#### DATASET EXTRACT

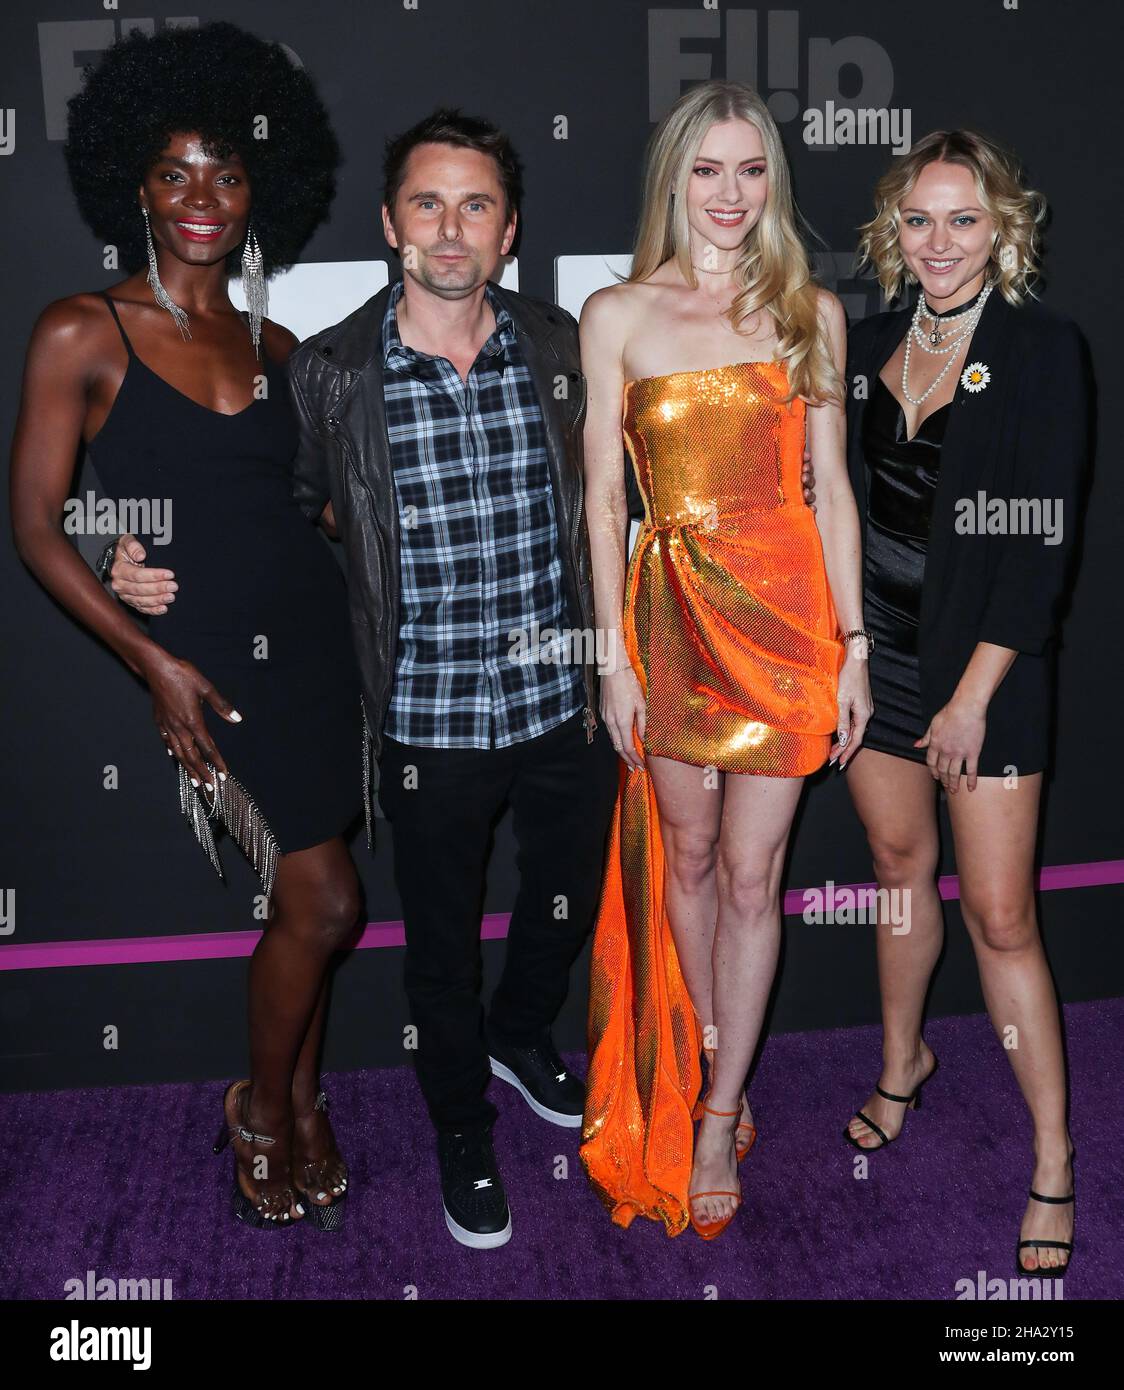 Hollywood, United States. 09th Dec, 2021. HOLLYWOOD, LOS ANGELES, CALIFORNIA, USA - DECEMBER 09: Singer Matt Bellamy and wife/model Elle Evans Bellamy arrive at the Flip Grand Launch Event Hosted by Grammy-Nominated Artist Halsey with Performances by Scout Willis, BIA, and Kehlani held at Avalon Hollywood on December 9, 2021 in Hollywood, Los Angeles, California, United States. (Photo by Xavier Collin/Image Press Agency) Credit: Image Press Agency/Alamy Live News Stock Photo
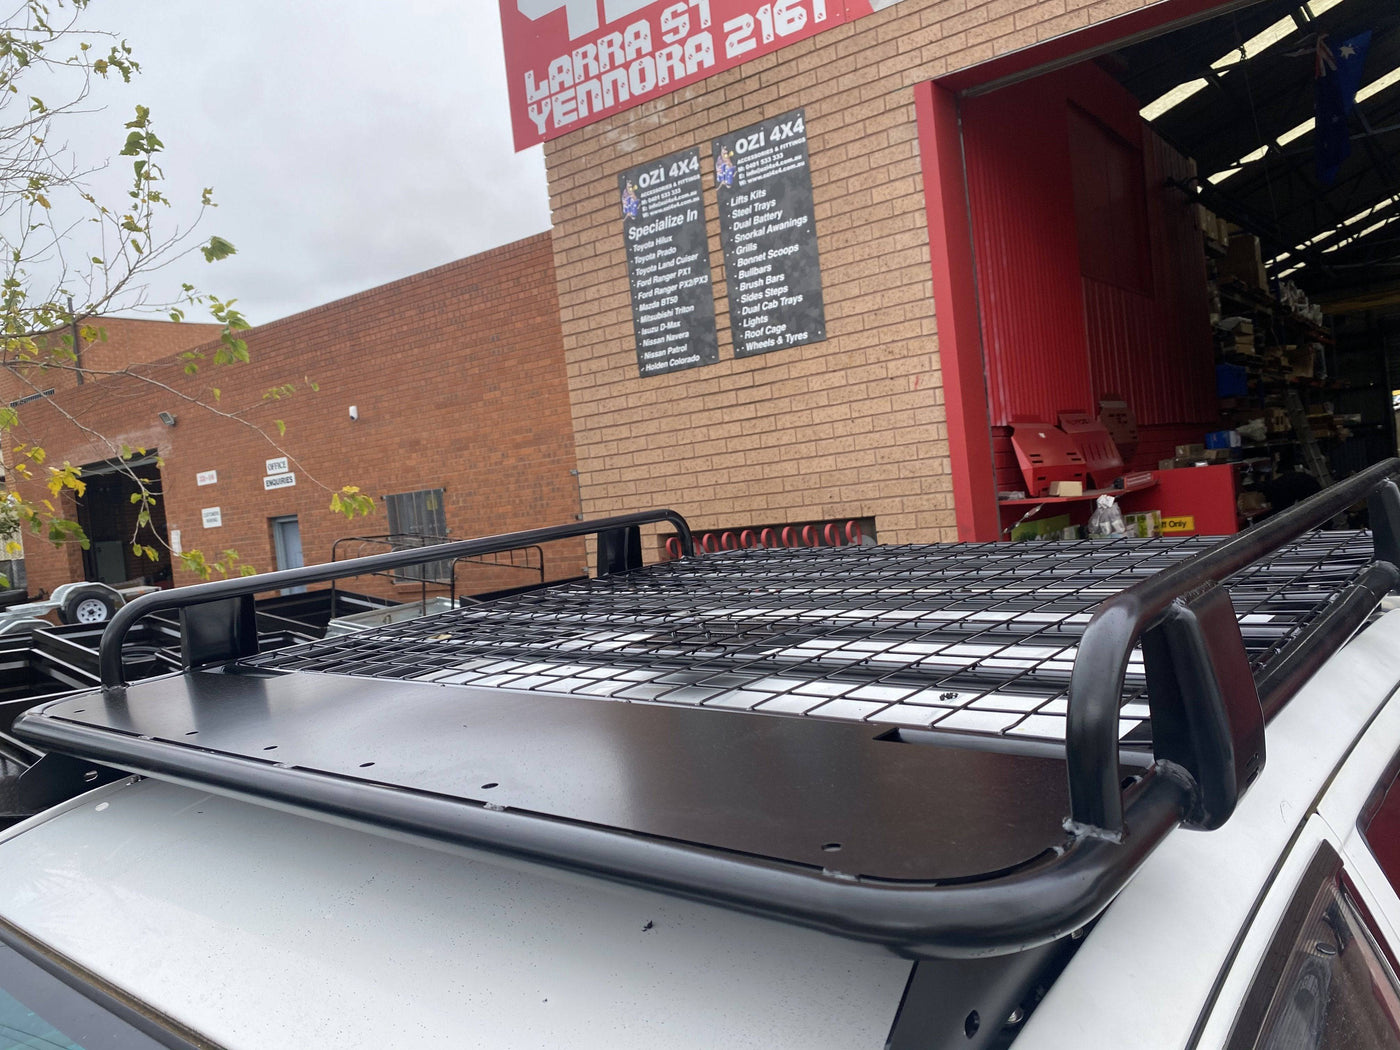 Tradesman Steel Roof Cage for all (Single Cab)
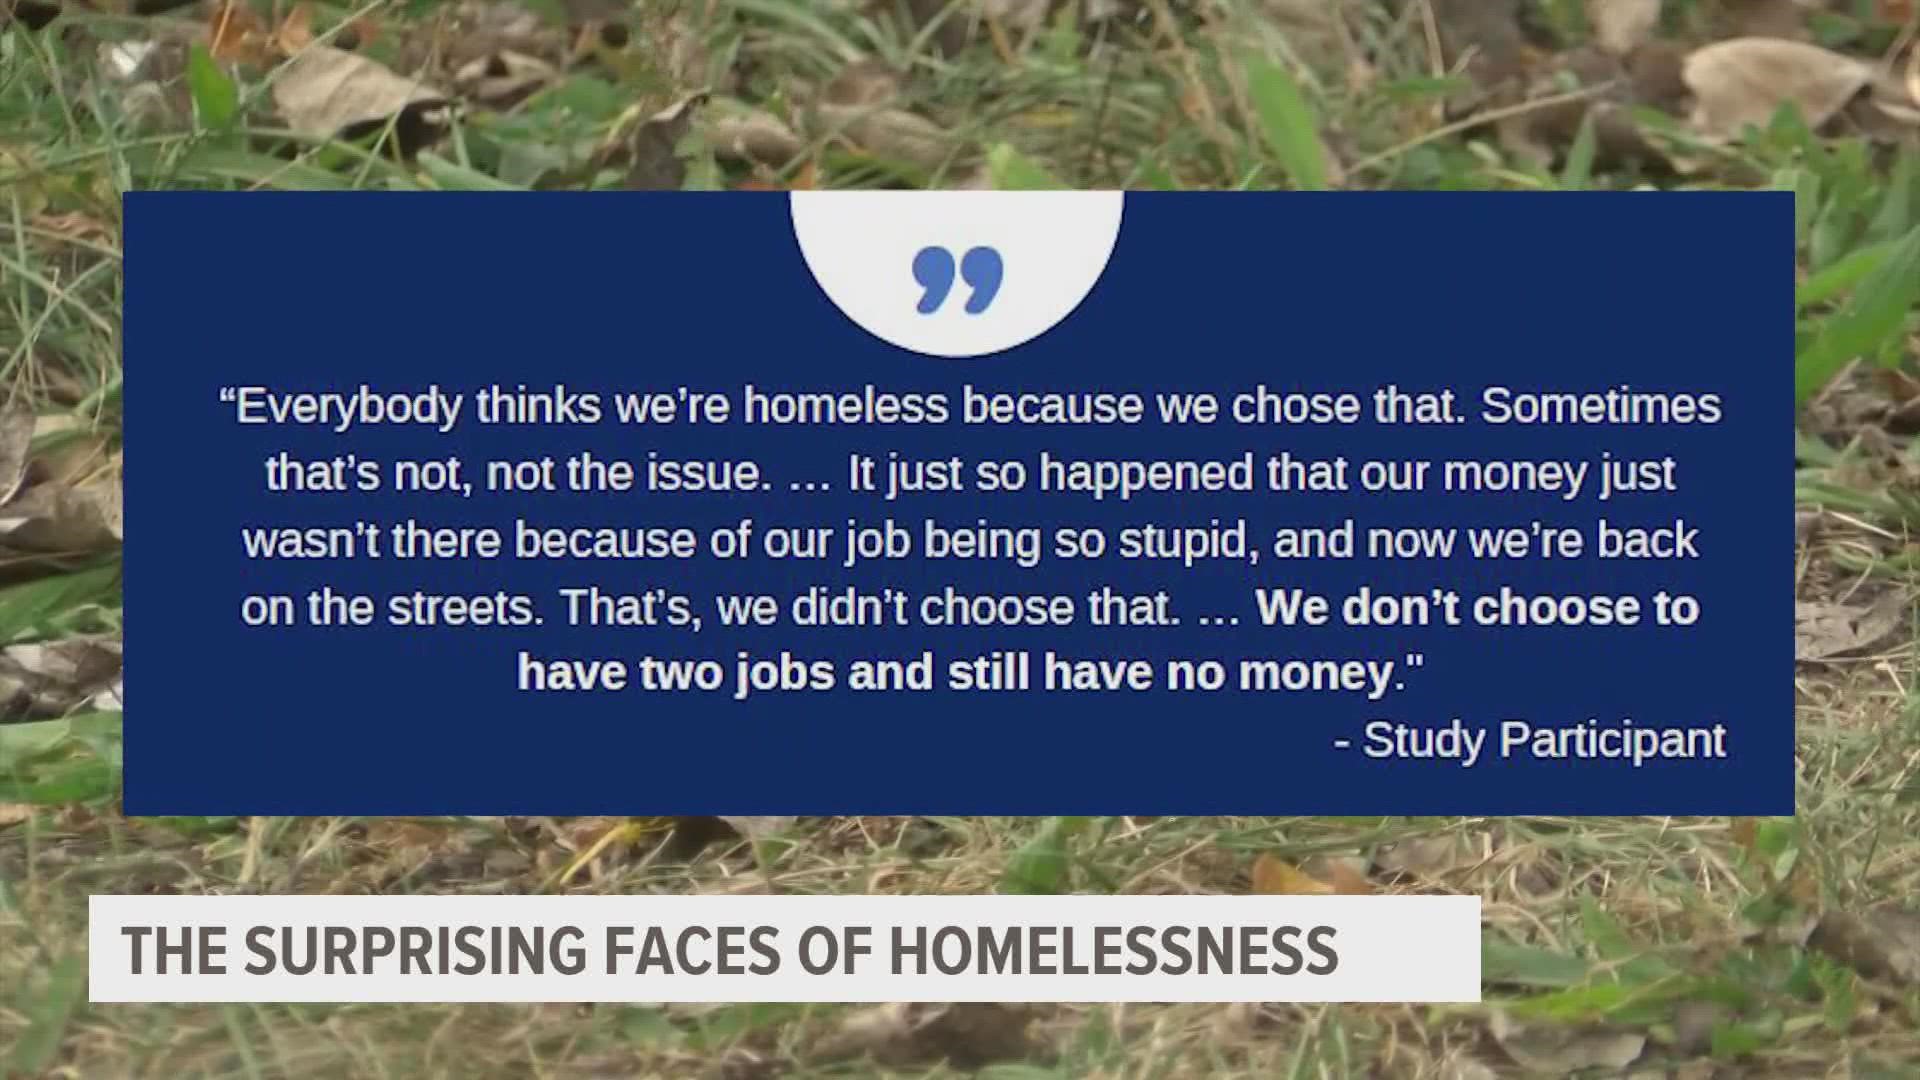 The study interviewed 37 Polk County residents who have experienced homelessness.
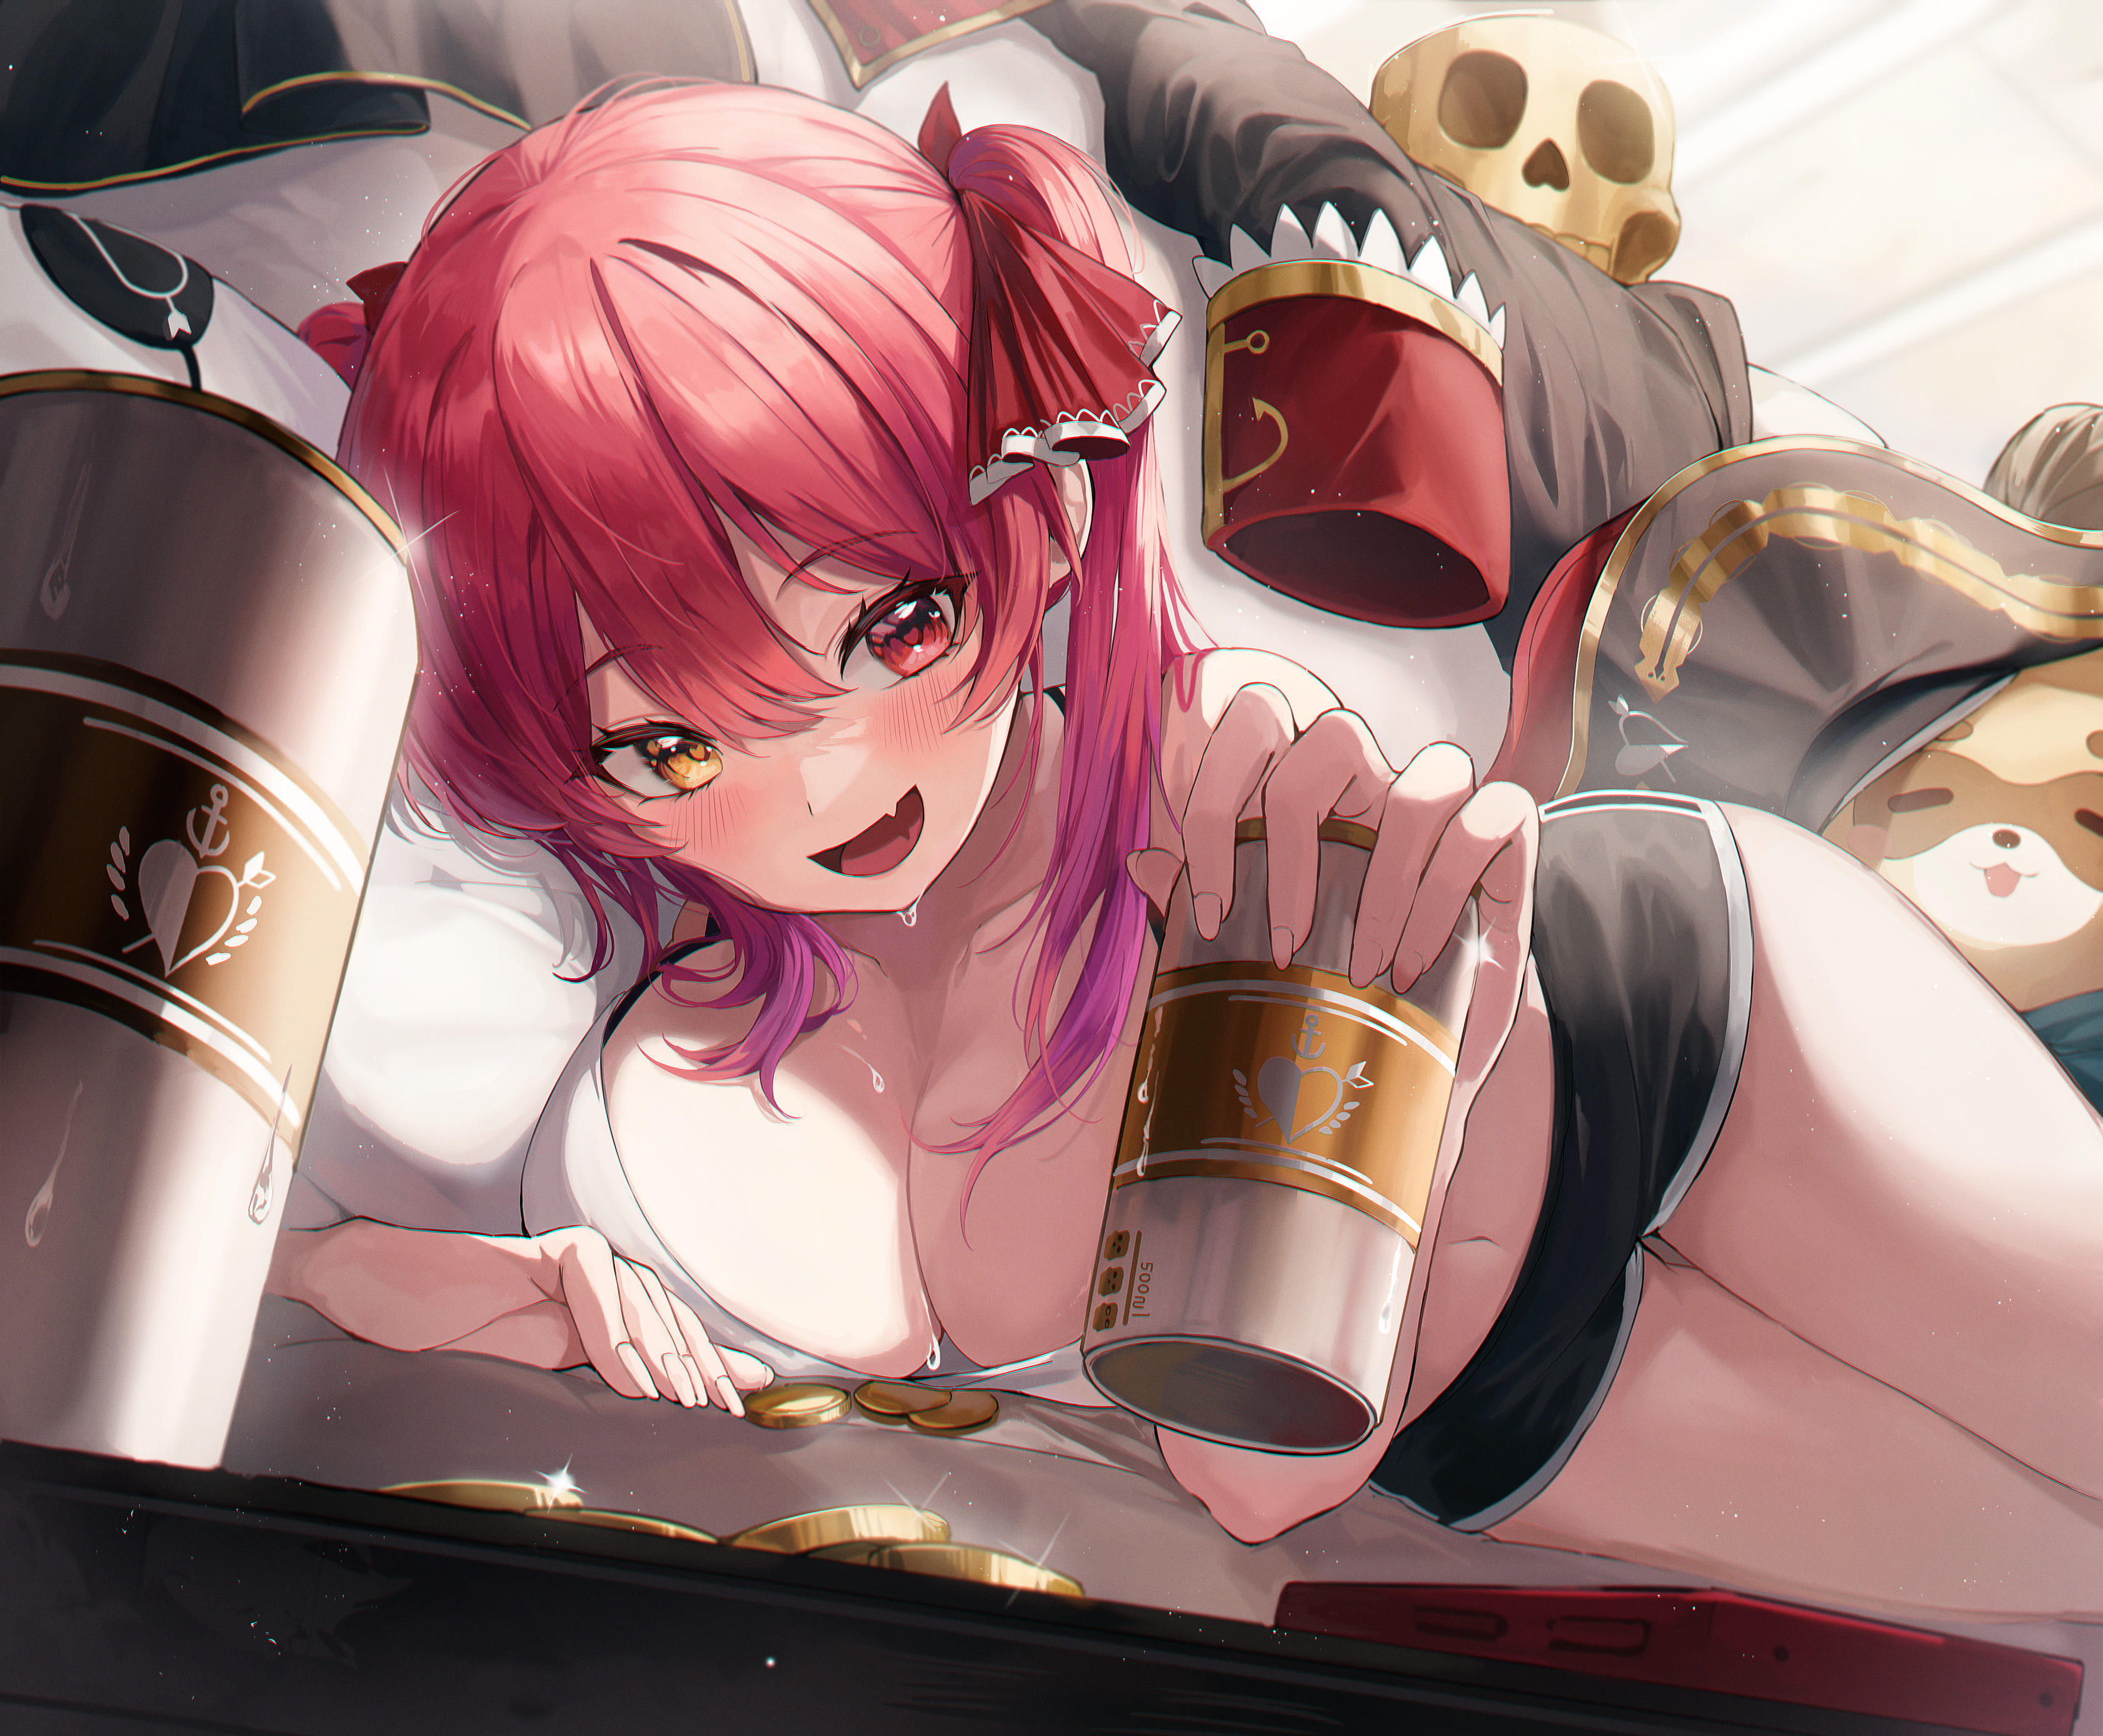 Anime 3364x2777 anime anime girls redhead heterochromia big boobs sweaty body sweat beer cleavage short shorts Houshou Marine low-angle looking below gold coins Hololive Virtual Youtuber 2GONG

########

WHAT YOU ARE ASKED TO DO: Write the listing out in full, exactly; no images.

SOLUTION TO THE EXERCISE:
 Hollywood, United States. 09th Dec, 2021. HOLLYWOOD, LOS ANGELES, CALIFORNIA, USA - DECEMBER 09: Singer Matt Bellamy and wife/model Elle Evans Bellamy arrive at the Flip Grand Launch Event Hosted by Grammy-Nominated Artist Halsey with Performances by Scout Willis, BIA, and Kehlani held at Avalon Hollywood on December 9, 2021 in Hollywood, Los Angeles, California, United States. (Photo by Xavier Collin/Image Press Agency) Credit: Image Press Agency/Alamy Live News Stock Photo
 Tradesman Steel Roof Cage for all (Single Cab)
 The study interviewed 37 Polk County residents who have experienced homelessness.
 Anime 3364x2777 anime anime girls redhead heterochromia big boobs sweaty body sweat beer cleavage short shorts Houshou Marine low-angle looking below gold coins Hololive Virtual Youtuber 2GONG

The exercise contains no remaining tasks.